能力をフルに発揮するために。緊張感と上手につきあう方法


どれだけ練習を積み重ねていても、人は大事な試合やプレゼンテーションなど「ここぞ」というタイミングで緊張してしまうもの。一度しかない本番で、いつも通りもしくはそれ以上のパフォーマンスを発揮するため、緊張感と上手につきあうヒントをご紹介します。

 

そもそも、人はなぜ緊張するの?

私たちはなぜ緊張するのでしょうか。それは、「失敗したらどうしよう…」という不安や恐怖を抱いてしまうからではないでしょうか。「心配事の8~9割は起こらない」という研究結果もありますが、頭では理解できているつもりでも、心はついネガティブな方へと傾いてしまいます。

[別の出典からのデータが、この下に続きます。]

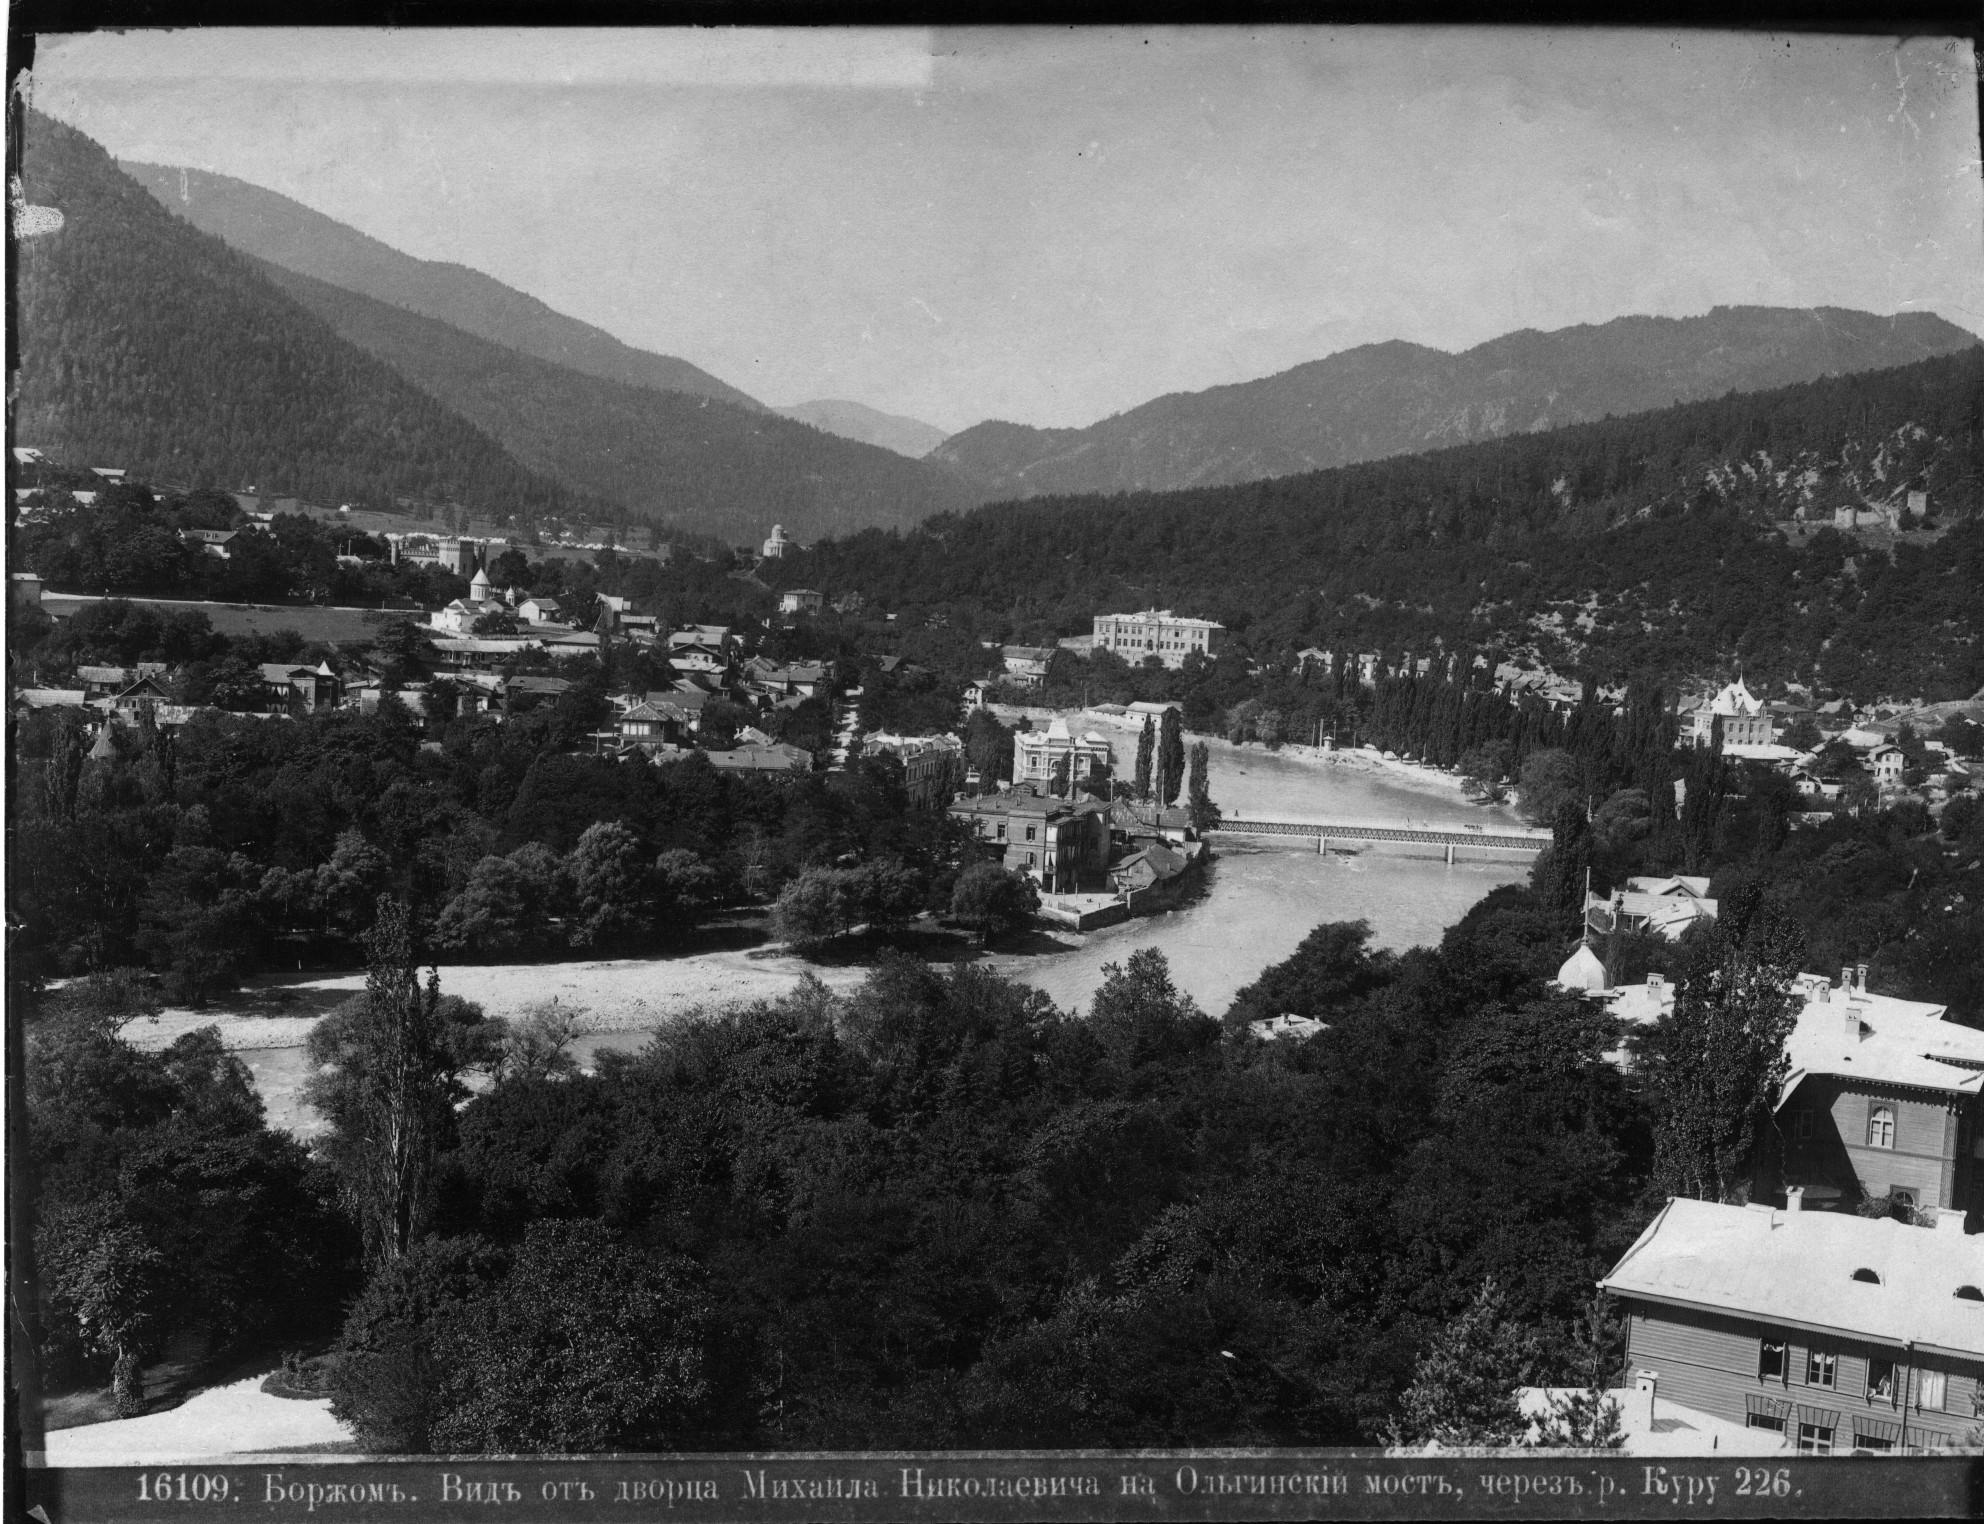 Вид от дворца В. К. Михаила Николаевича на Ольгинский мост через реку Куру

人は緊張して不安や恐怖を感じることでストレス状態となり、血液中に神経伝達物質「ノルアドレナリン」を分泌して交感神経を刺激し、以下のような状態が引き起こされます。
・心拍数、血圧、体温の上昇
・筋肉の硬直
・消化機能の抑制 など

ドキドキする、手のひらに汗をかく、声が震える、といった身体の変化は、このノルアドレナリンによって引き起こされているのです。

 

緊張するのは「自己防衛」反応でもある

このような身体の変化が起こるのは、動物としての「自己防衛」反応であるとの説があります。何が起こるかわからない緊張状態、例えば、敵から襲われるかもしれない、命を奪われるかもしれないというピンチに遭遇したとき、逃げるもしくは戦う必要があります。そこで、交感神経を刺激して、心拍や体温を上昇させることで運動機能を高め、身体を活動的な状態に変化させているのです。

つまり、緊張とは動物としての本能であり、人が生き伸びるために必要な生理的反応であるので、あなただけが特別に緊張しているのではないのです。

 

メンタルトレーニング=「緊張に適応する」訓練

このように、動悸が激しくなる、汗をかくなどの身体の変化を感じ、「マズい、あがっちゃダメ…!」と緊張を抑え込もうと意識してしまうと、自分の心理状態がクローズアップされ、ますます緊張感にとらわれてしまいます。

そこで必要となるのが「緊張に適応する」訓練、つまりメンタルトレーニングを積むことです。一流のアスリートやビジネスパーソンたちは一見、緊張とは無縁の存在のようですが、彼らは何度も本番を想定したリハーサルを繰り返すことで、緊張に身体を慣れさせているのです。それでは、自らを緊張に適応させるためのヒントをご紹介します。

緊張をポジティブに捉える

上でもお伝えした通り、緊張はあくまでも生理的な反応。「自分は今、交感神経が刺激され活動的な状態にあるのだなあ」と自分を客観視することで気持ちが落ちつきますので、「緊張しているからこそ良いパフォーマンスが発揮できるはず」と、ポジティブに捉えてみましょう。

緊張をほぐすための習慣(ルーティン)を作る

目を閉じて深呼吸をするなどのリラックス法はもちろん、試合前に○○を食べる、好きなアーティストの曲を聴く、お守りを握りしめるなど、緊張をほぐす自分だけの習慣を作っておきましょう。

「緊張していても成功した」という経験値をストックする

 超一流アーティストがライブリハーサルを繰り返し行っていたり、トップ経営者が何週間も前からスピーチの練習をしていたりと、本番と近い緊張状況に何度も身を置くことで不安を減らすことができます。緊張している自分をセルフモニタリングしつつ、その状況でも上手くできたという成功体験をストックし、本番への自信へとつなげます。

いわゆる「メンタルが強い」人物は、メンタルトレーニングによって緊張を飼いならすことで、緊張に適応できるようになっているのです。

 

超集中状態「ゾーン」に入るとは?

人は、緊張を超えた超集中状態になると、「相手の動きが止まって見えた」「雑音が聞こえなくなった」といった、単に調子が上がっているのではなく“特別な何か”が起こっているような感覚になることがあります。

この覚醒状態は「ゾーン」と呼ばれ、集中力が高まり、リラックスと緊張・興奮のバランスがうまく取れたときに起こりやすいとされています。「ゾーン」に入って高パフォーマンスを発揮するためにはやはり、緊張に飲み込まれないようメンタルトレーニングを積むことが必要なのです。

 

まとめ

緊張と上手につきあうためには、まずはしっかりと準備と練習を積み重ねて、本番と近い状態での成功体験をストックし、自分に自信をつけるメンタルトレーニングが必要です。そのうえで、ルーティンを取り入れて緊張に無理なく適応していけるよう、さまざまな方法を試してみてくださいね。